The way Prometheus works is to periodically scrape configured endpoints. Our endpoint is exposed at http://localhost:8080/uuid-generation-performance/resources/metrics with the following code.

@Stateless
@Path("metrics")
public class MetricsResource {

    @GET
    @Produces("text/plain")
    public Response get() {
        StreamingOutput streamingOutput = outputStream -> {
            Writer bufferedWriter = new BufferedWriter(new OutputStreamWriter(outputStream));
            try {
                TextFormat.write004(bufferedWriter, CollectorRegistry.defaultRegistry.metricFamilySamples());
                bufferedWriter.flush();
            } finally {
                bufferedWriter.close();
            }
        };

        return Response.ok(streamingOutput).build();
    }
}

It could have been also exposed by adding a simpleclient_servlet maven dependency and configuring this servlet in web.xml, as in the code fragment below.

<web-app ...>
  (...)
  <servlet>
    <servlet-name>metrics</servlet-name>
    <servlet-class>io.prometheus.client.exporter.MetricsServlet</servlet-class>      
  </servlet>
  <servlet-mapping>
    <servlet-name>metrics</servlet-name>
    <url-pattern>/metrics</url-pattern>
  </servlet-mapping>
  (...)
</web-app>

Such configuration would make the endpoint available at http://localhost:8080/uuid-generation-performance/metrics.

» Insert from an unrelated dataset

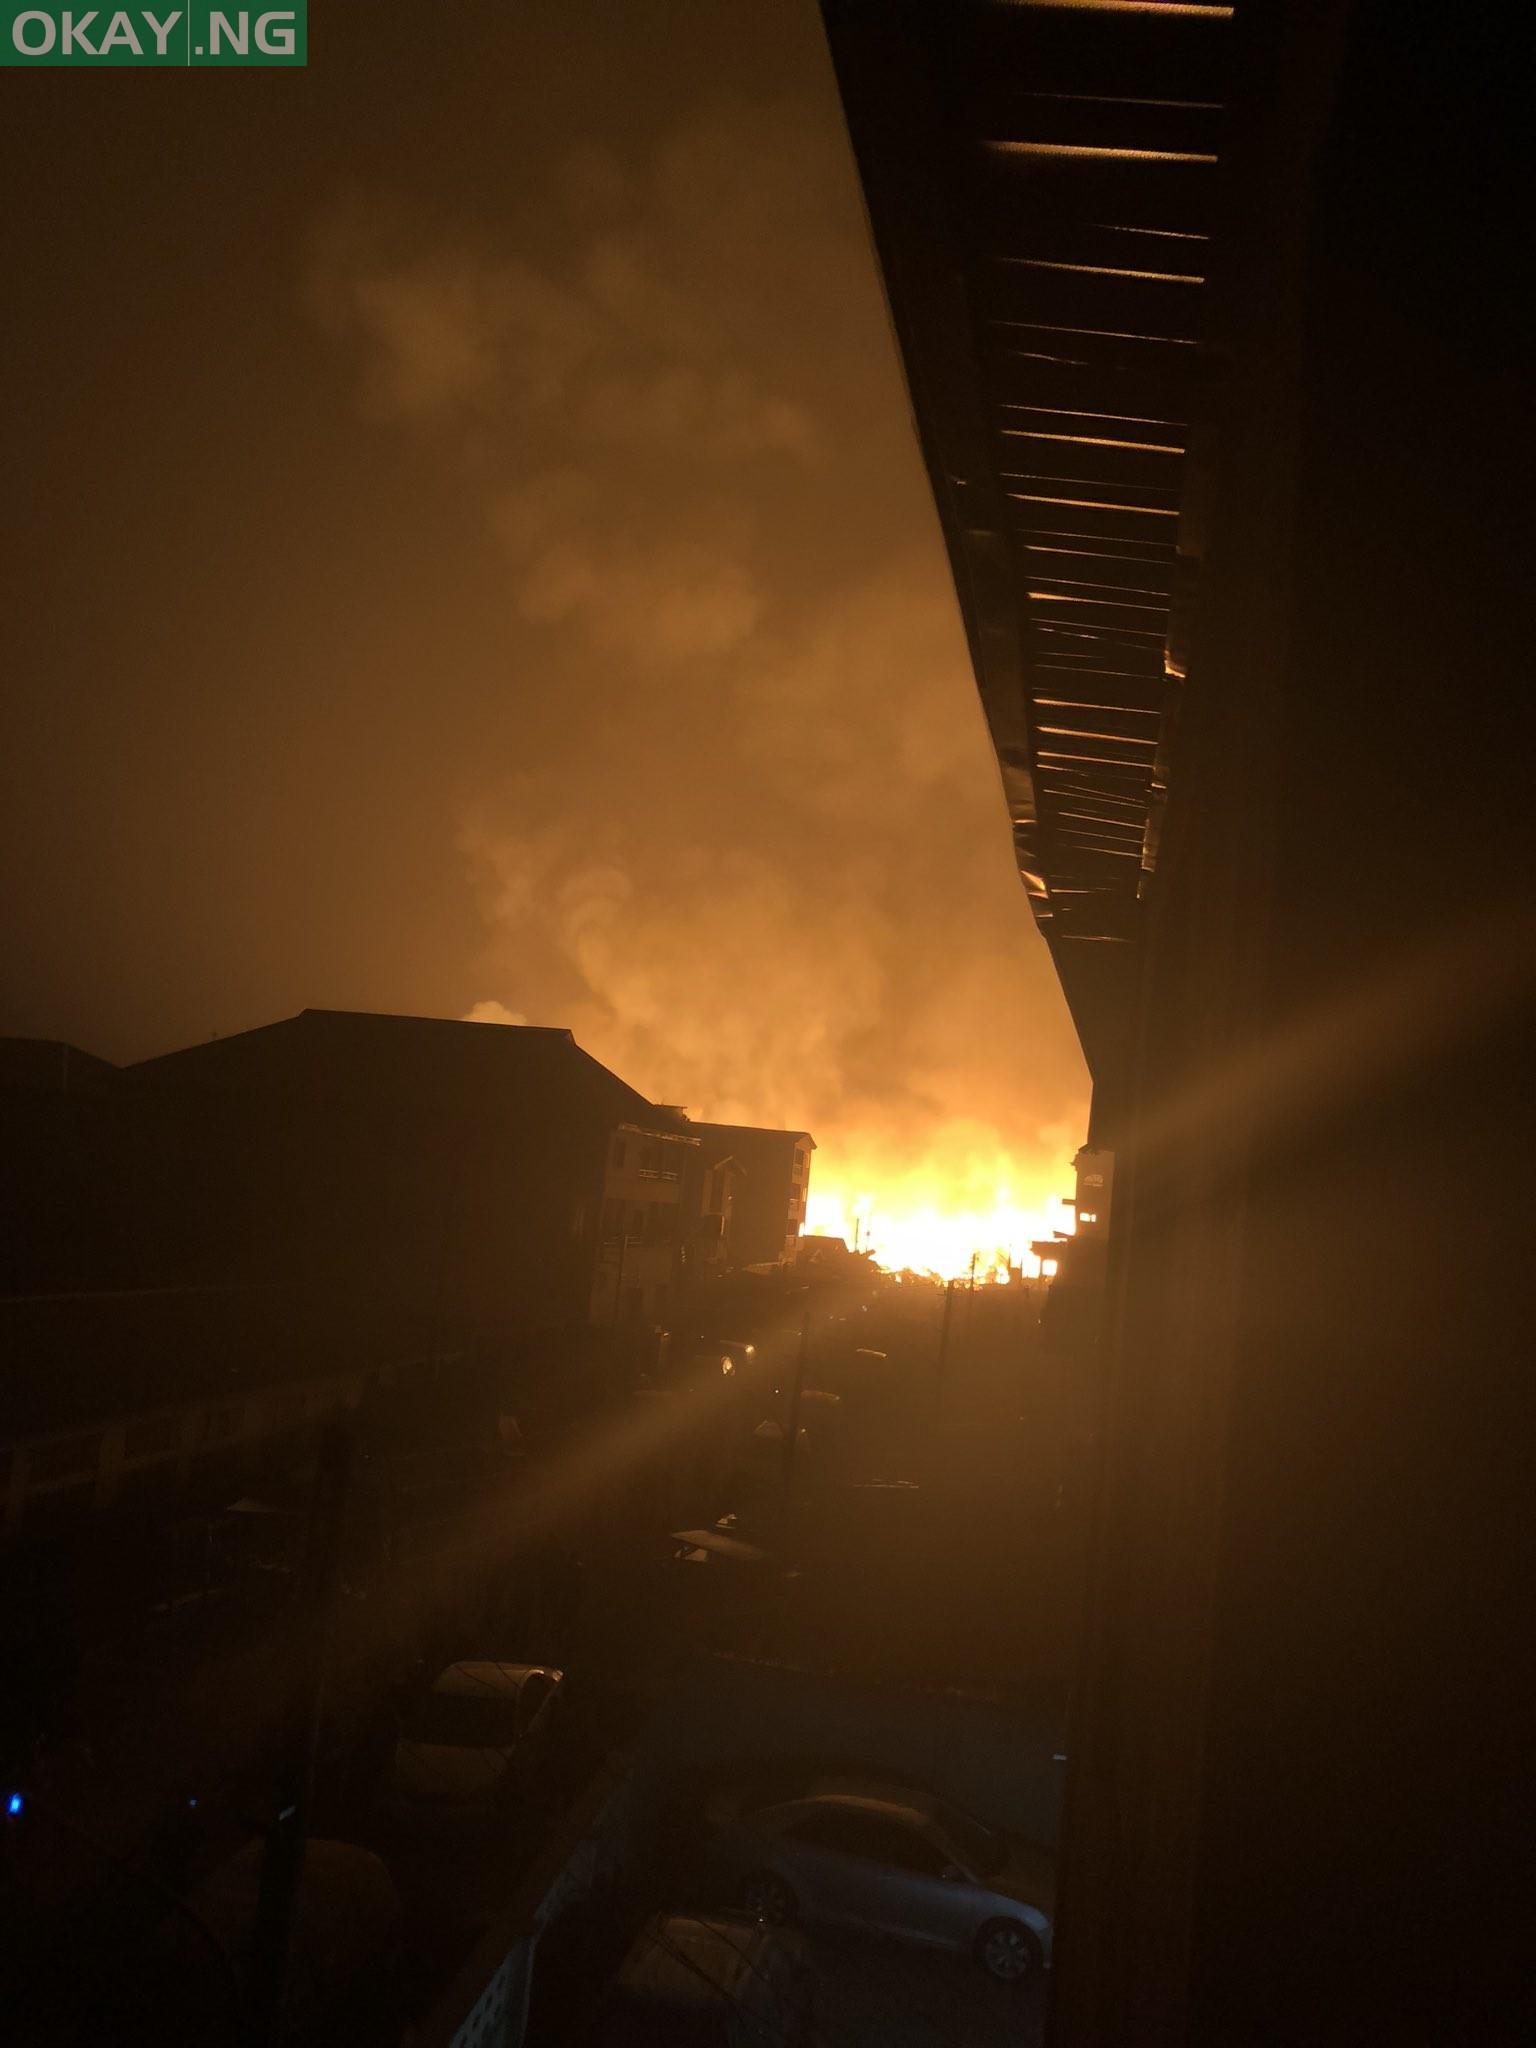 Fire at Amu timber market in Mushin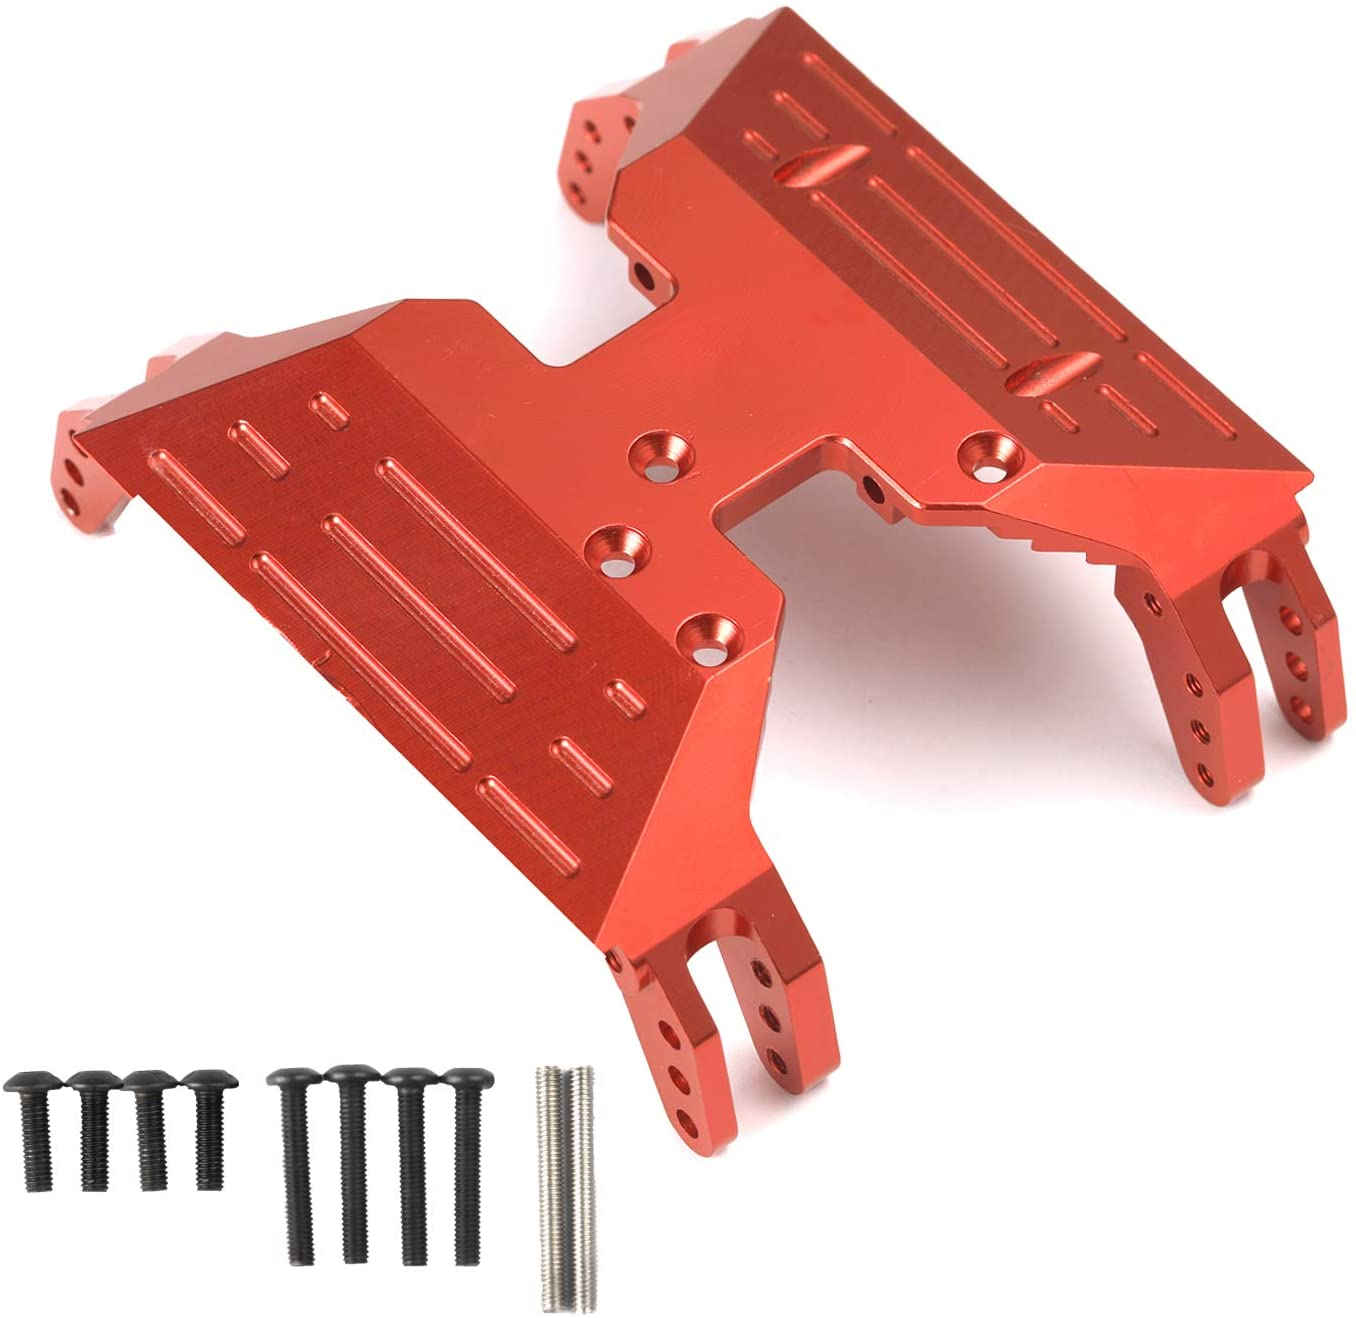 RZXYL Aluminum Centre Skid Plate for Axial Capra 1.9 UTB AXI03004 RC Crawler Car Upgrade Parts (Red)

Provided that the initial code is really very simple, I prefer that over additional dependency and servlet definition in web.xml. This is not a strong opinion though.

Setting up Prometheus

Prometheus is running in a separate Docker container defined with this Dockerfile. Its first objective is to periodically scrape all configured endpoints to collect metrics. They are saved in Prometheus internal database and analysed according to the optional alerting rules. When some alert is fired (becomes active), it is sent by Prometheus to Alertmanager running as a separate, external service.

FROM prom/prometheus
MAINTAINER Bartosz Kamiński, http://highcohesionloosecoupling.com
ADD prometheus.yml /etc/prometheus/
ADD alerts.rules /etc/prometheus/
CMD [ "-config.file=/etc/prometheus/prometheus.yml", \
      "-storage.local.path=/prometheus", \
      "-web.console.libraries=/usr/share/prometheus/console_libraries", \
      "-web.console.templates=/usr/share/prometheus/consoles", \
      "-alertmanager.url=http://alertmanager-configured:9093" ]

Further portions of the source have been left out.